Suara.com - Sidang lanjutan kasus dugaan tindak pidana terorisme dengan terdakwa Munarman kembali berlangsung di Pengadilan Negeri Jakarta Timur (PN Jaktim) pada Rabu (2/2/2022).
Sidang digelar dengan agenda pemeriksaan enam saksi yang dihadirkan jaksa penuntut umum (JPU). Dalam sidang tersebut, seorang mantan Laskar Front Pembela Islam (FPI) berinisial AR memberikan kesaksiannya.
Dalam persidangan terungkap, jika acara yang digelar pada 24 dan 25 Januari 2015 di Makassar telah dilaporkan ke Polrestabes Makassar. Belakangan diketahui, acara tersebut diduga agenda baiat ISIS. Selain menggelar acara itu, mereka juga melakukan konvoi.
Hal itu terungkap berawal saat JPU bertanya mengenai acara yang mereka gelar telah dilaporkan ke polisi.
"Saudara tadi menjelaskan ketika ditanya bahwa saudara melapor ke Polrestabes soal kegiatan tanggal 24 dan 25?" tanya Jaksa.
"Betul Pak Jaksa," jawab AR.
Dia mengungkapkan dia melapor ke polisi untuk menjelaskan acara yang mereka gelar.
"Kebetulan di Polrestabes Makassar ini ada pertemuan dengan pihak intelkam Polda dengan Polres. Jadi saya langsung mengarah ke Polrestabes Makassar untuk menjelaskan isi dari acara tersebut," ujar AR.
Kepada polisi, dia mengungkapkan, acara tersebut untuk mendukung program pemerintah Makassar, diantaranya menutup tempat prostitusi. Menurutnya, saat dia menyampaikan hal tersebut, kepolisian tidak keberatan dengan acara yang mereka gelar.
"Hanya menerima laporan setelah itu tidak ada lagi responnya. Sepertinya tidak keberatan," ujar AR.

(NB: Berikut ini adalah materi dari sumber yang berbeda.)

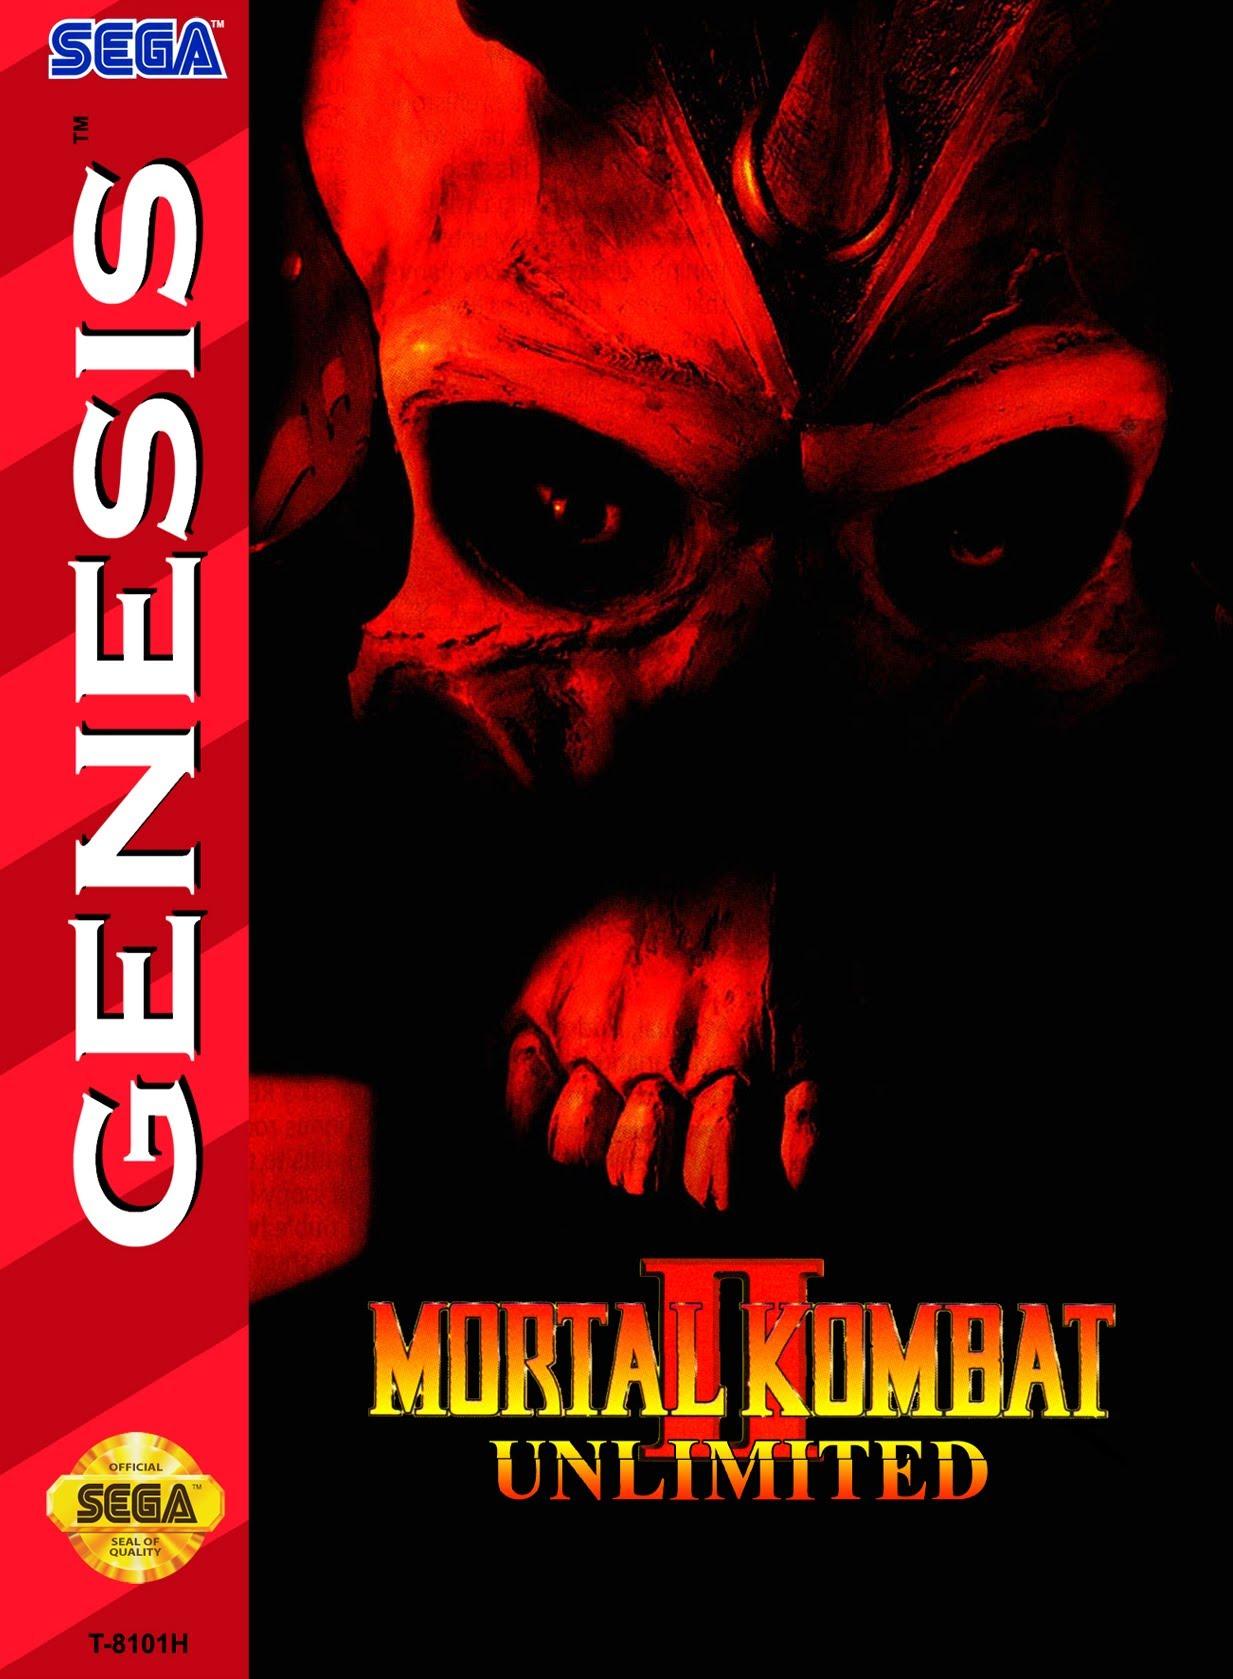 Mortal Kombat 2 Super Hack Sega Genesis • Mortal Kombat
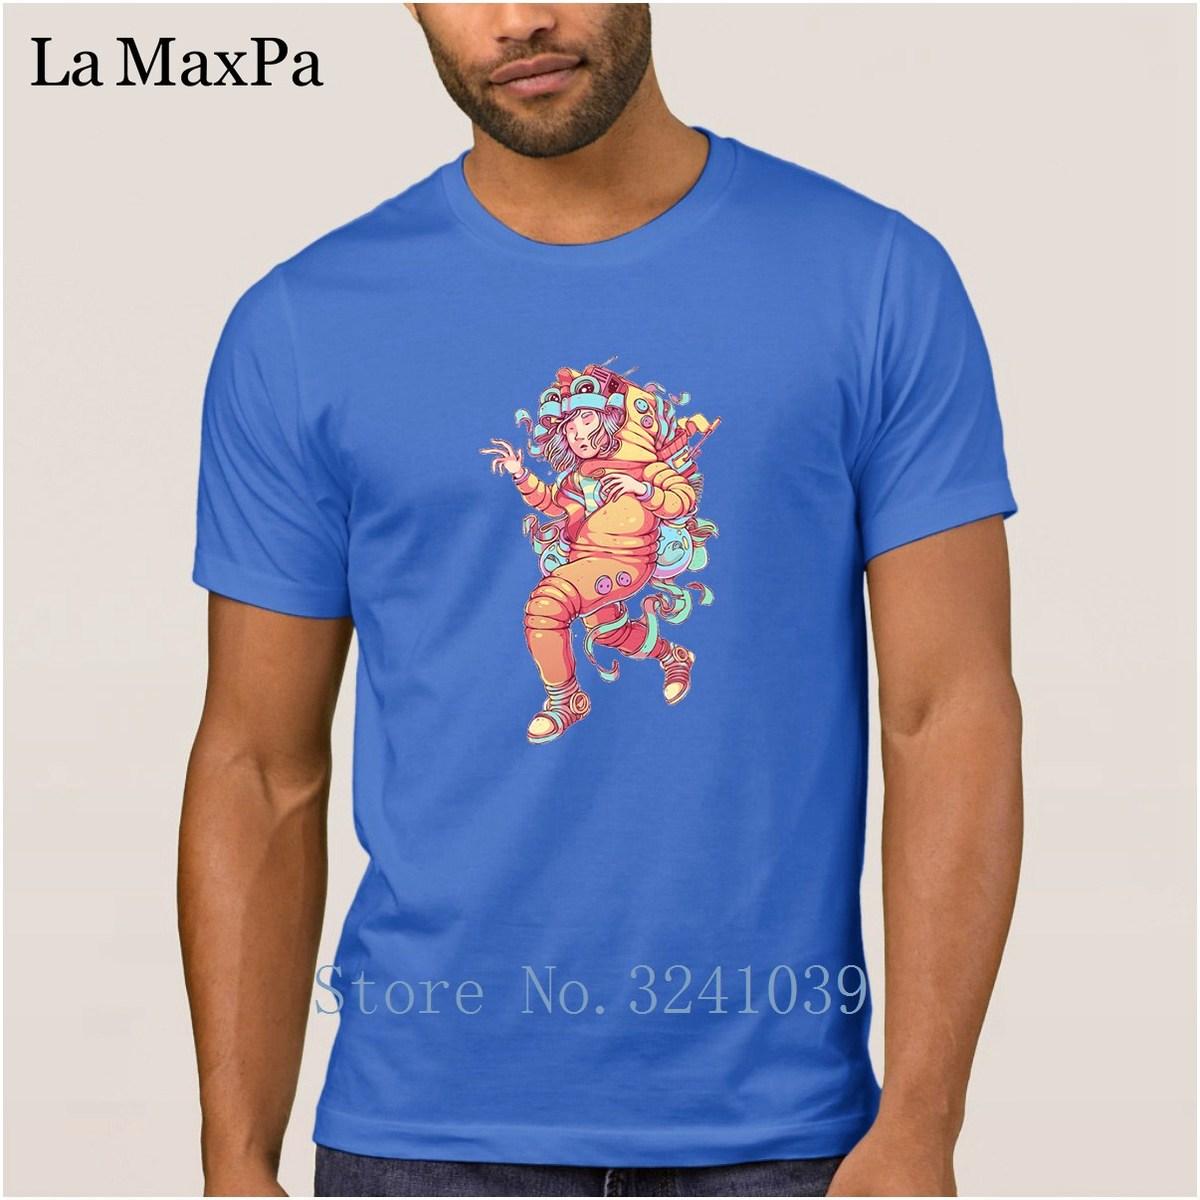 Printed Better Tshirt Man Cotton Simple 2018 T-Shirt For Men Orange Jump Suit Men T Shirt Solid Color Euro Size Cheap Sale

Kemudian, dia juga mengungkapkan, saat acara mereka gelar ada aparat kepolisian yang mengawal. Namun polisi berada di belakang panggung.
"Betul ada (polisi) cuma di belakangan panggung," ujarnya.
Selain itu, saat mereka menggelar konvoi juga turut dikawal oleh kepolisian.
"Yang ikut konvoi banyak (aparat)," ujarnya.
Lanjutnya, saat acara yang mereka gelar juga terdapat beberapa simbol ISIS, termasuk saat konvoi berlangsung.